Word2Vec is a popular technique used in natural language processing (NLP) to create word embeddings, which are dense vector representations of words. Developed by a team of researchers at Google led by Tomas Mikolov in 2013, Word2Vec models learn to map words into high-dimensional continuous vector spaces where semantically similar words are located close to each other.

### Key Concepts of Word2Vec

1. **Distributed Representations**: Unlike traditional one-hot encoding, which represents words as sparse vectors with many dimensions (one per unique word) and no meaningful distances between them, Word2Vec creates dense vectors where the semantic relationships between words are captured in the vector space.

2. **Training Approaches**:
   - **Continuous Bag of Words (CBOW)**: Predicts the target word based on the context of surrounding words.
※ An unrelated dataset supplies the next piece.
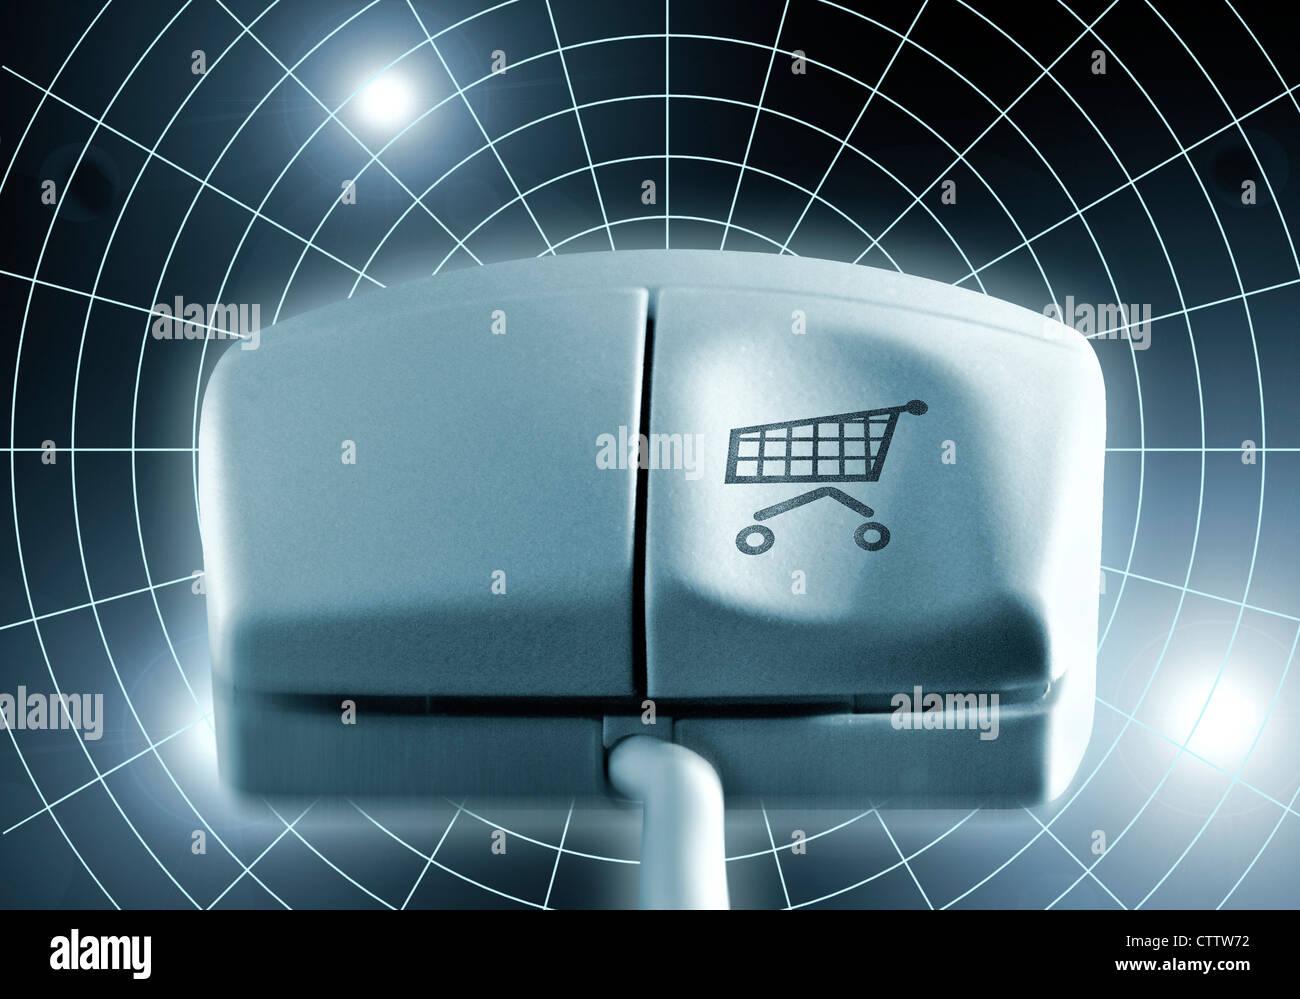 Computermaus Mit Einkaufswagen Auf der Linken Maustaste Stockbild

It uses a window of words around the target word to predict the target word itself.
   - **Skip-gram**: Predicts the surrounding context words based on the target word. Given a word, it tries to predict the words in its neighborhood.

### How Word2Vec Works

1. **Input**: A large corpus of text.
2. **Training**: The model is trained on the corpus to predict context words from a target word (skip-gram) or a target word from context words (CBOW).
3. **Output**: A set of word vectors where each word is represented by a dense vector of real numbers.

### Benefits of Word2Vec

- **Semantic Relationships**: Words with similar meanings are close together in the vector space. For example, "king" - "man" + "woman" is close to "queen".
- **Efficient**: Word2Vec can be trained on large corpora efficiently using stochastic gradient descent and other optimization techniques.
- **Generalization**: The vectors can be used in various downstream NLP tasks, improving their performance by providing meaningful word representations.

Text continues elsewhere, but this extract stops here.